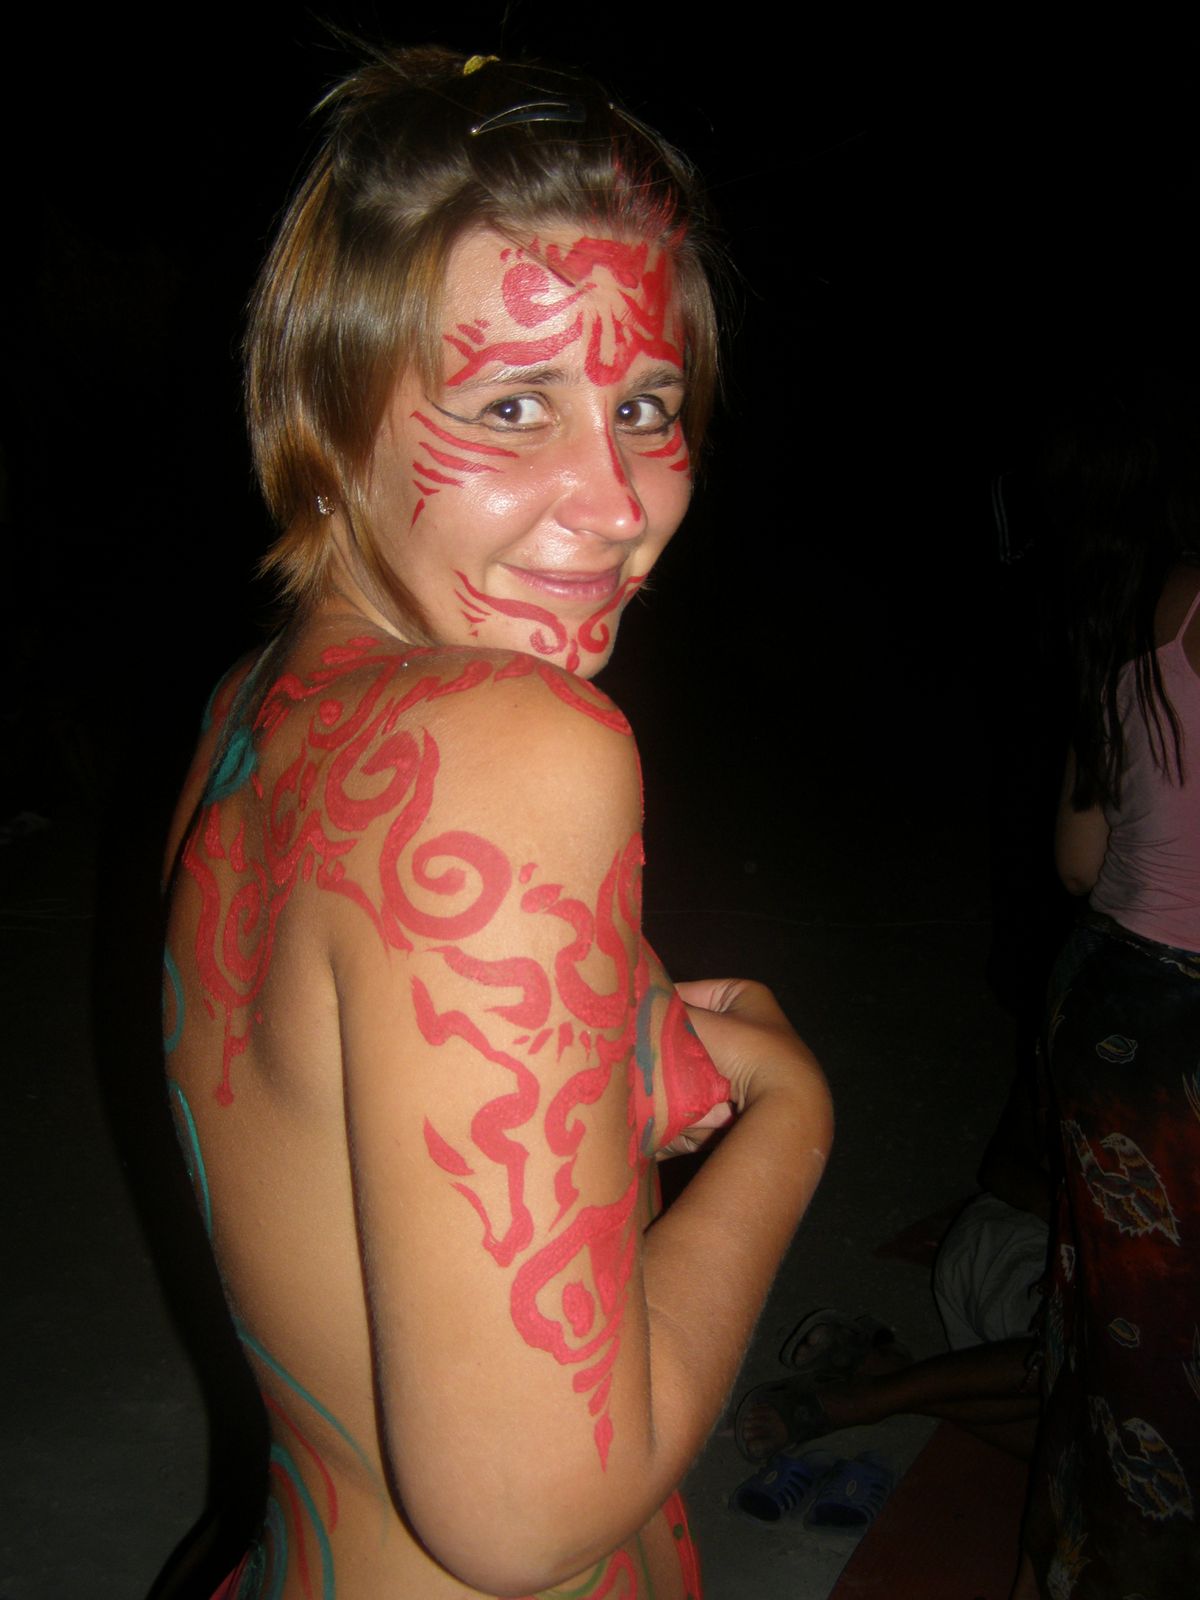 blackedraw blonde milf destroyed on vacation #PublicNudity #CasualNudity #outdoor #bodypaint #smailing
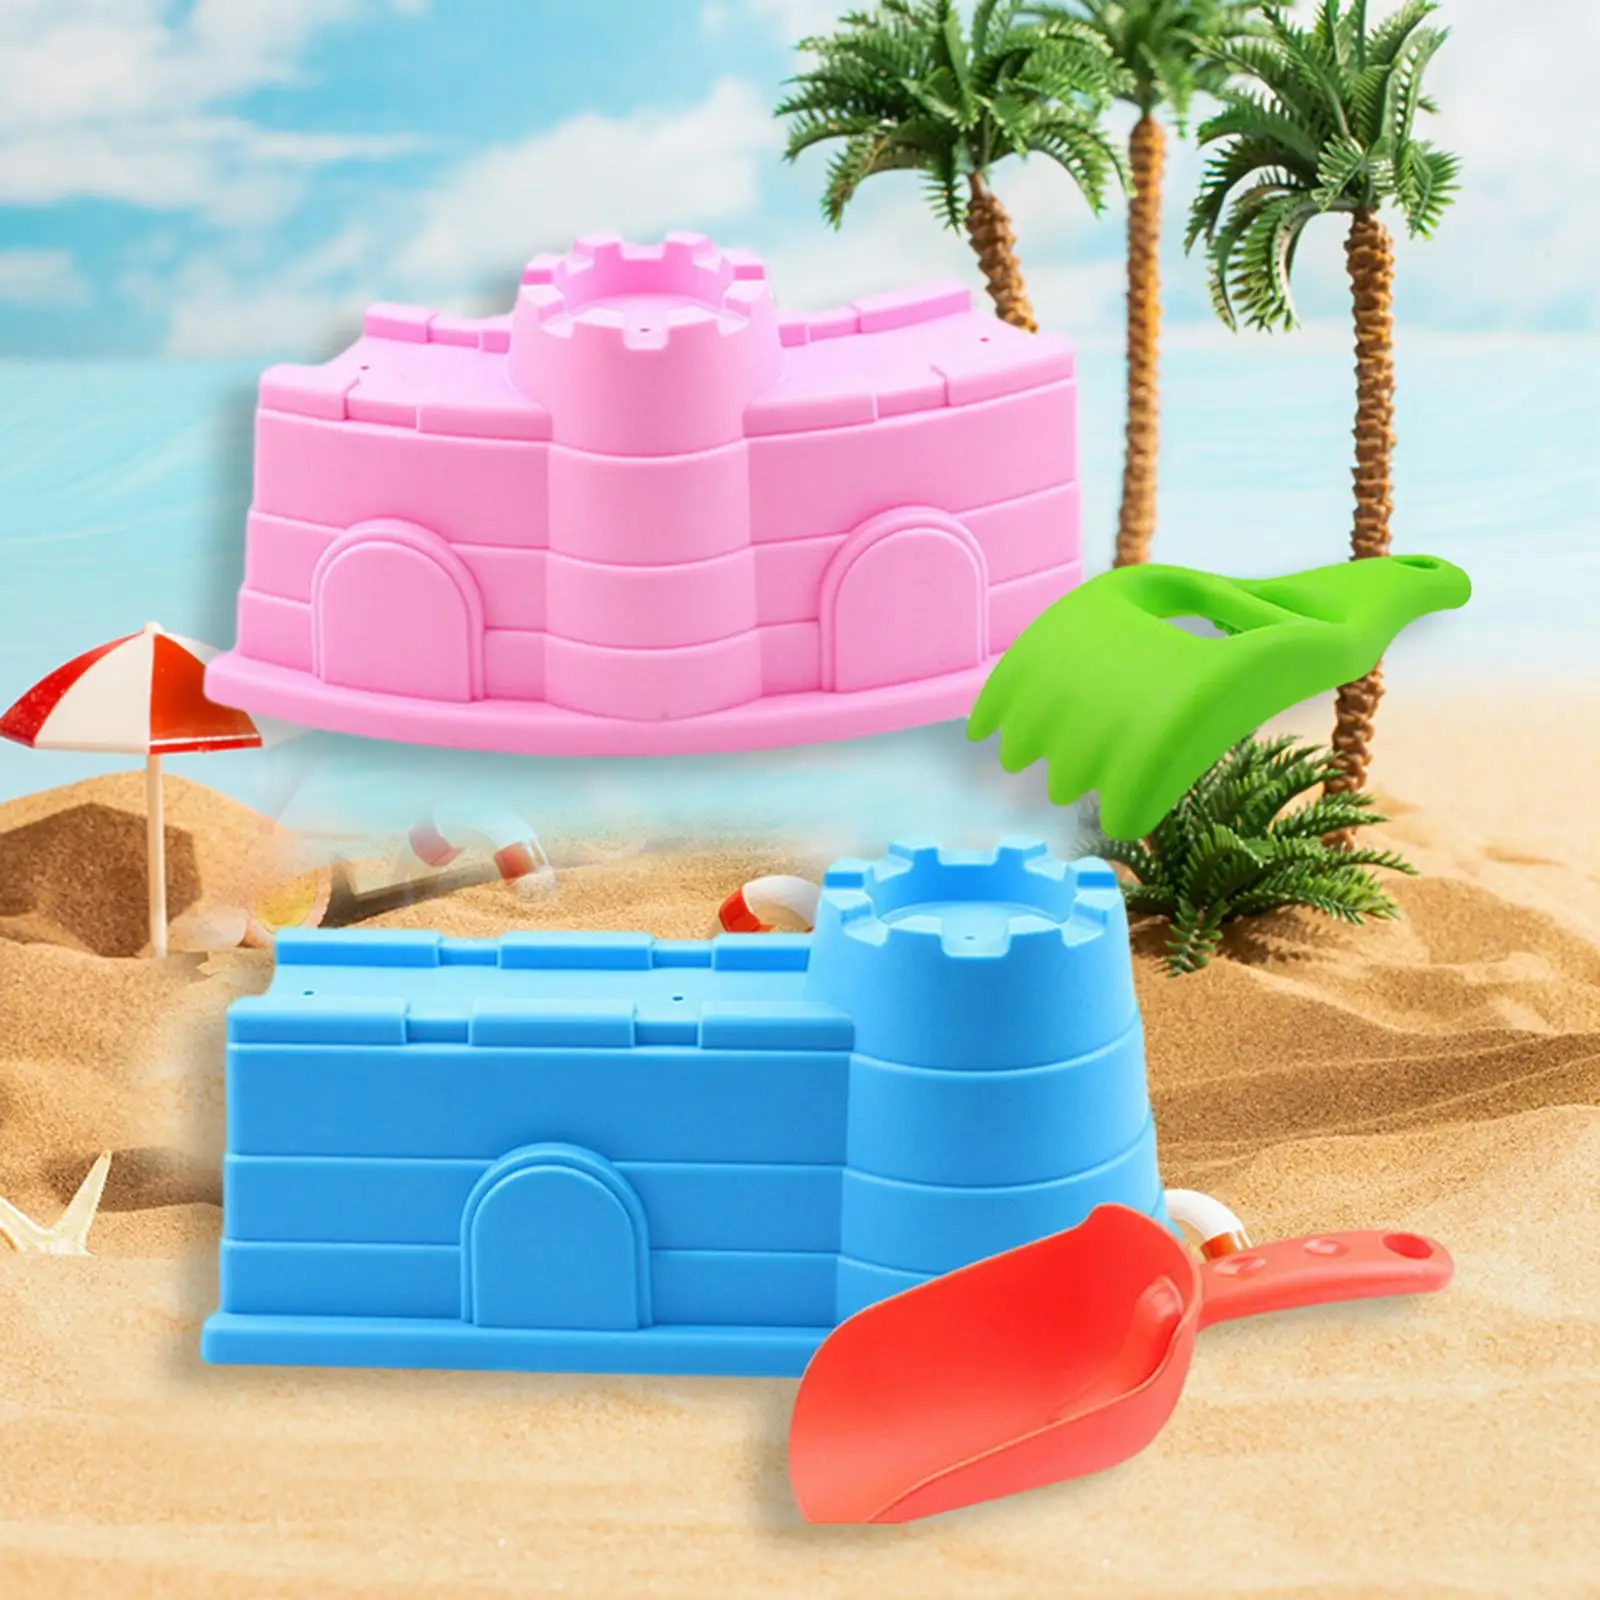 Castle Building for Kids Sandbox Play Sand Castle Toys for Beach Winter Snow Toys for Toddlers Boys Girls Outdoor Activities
##########
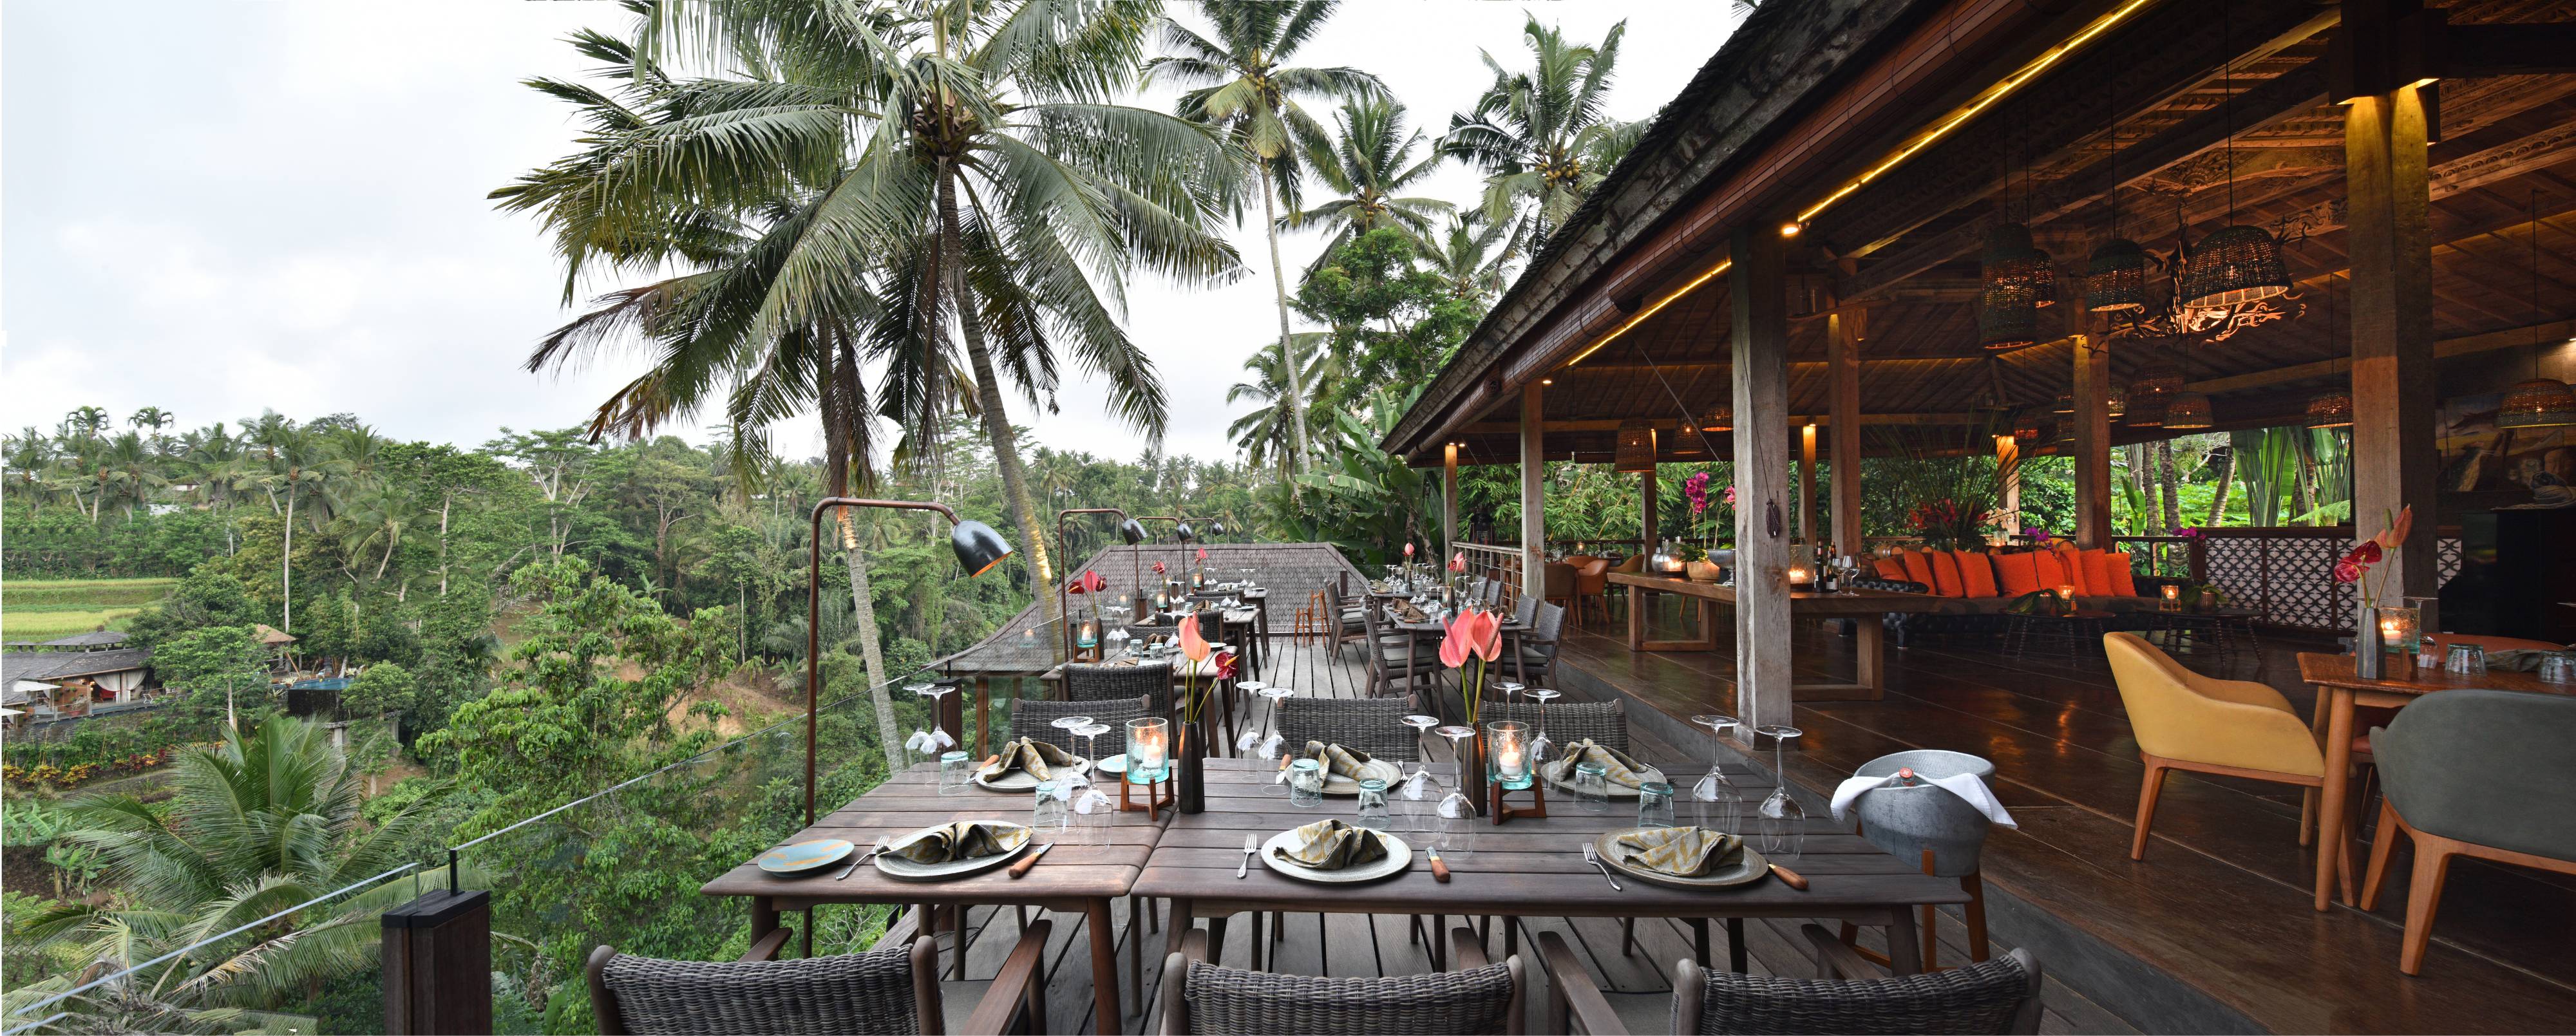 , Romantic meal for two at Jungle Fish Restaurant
##########
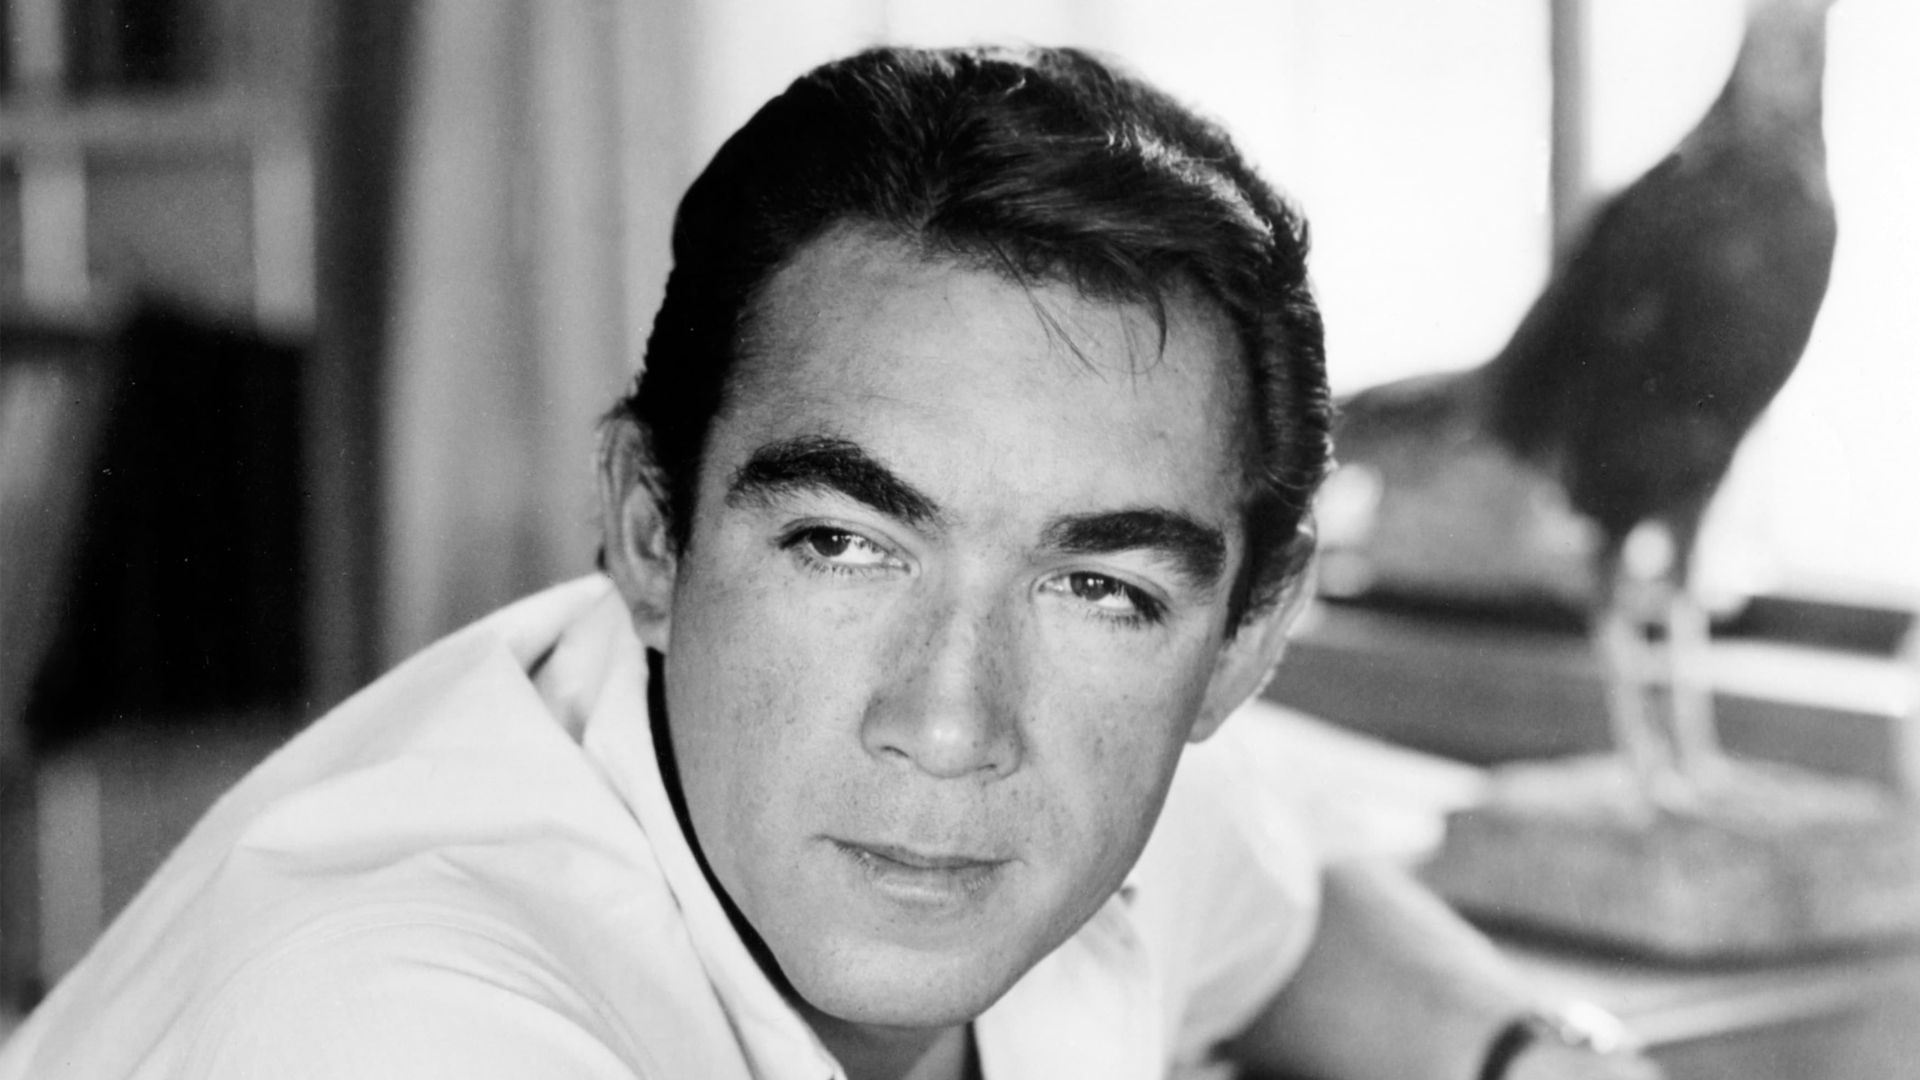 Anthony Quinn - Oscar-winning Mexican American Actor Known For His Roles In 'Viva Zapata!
##########
§ **TASK TO COMPLETE**
Repeat only the stretch of data above that runs from the line with "blackedraw blonde milf" to the line with "Castle Building for". Keep both end lines; exclude pictures.

§ **ANSWER SPACE**
 blackedraw blonde milf destroyed on vacation #PublicNudity #CasualNudity #outdoor #bodypaint #smailing
 Castle Building for Kids Sandbox Play Sand Castle Toys for Beach Winter Snow Toys for Toddlers Boys Girls Outdoor Activities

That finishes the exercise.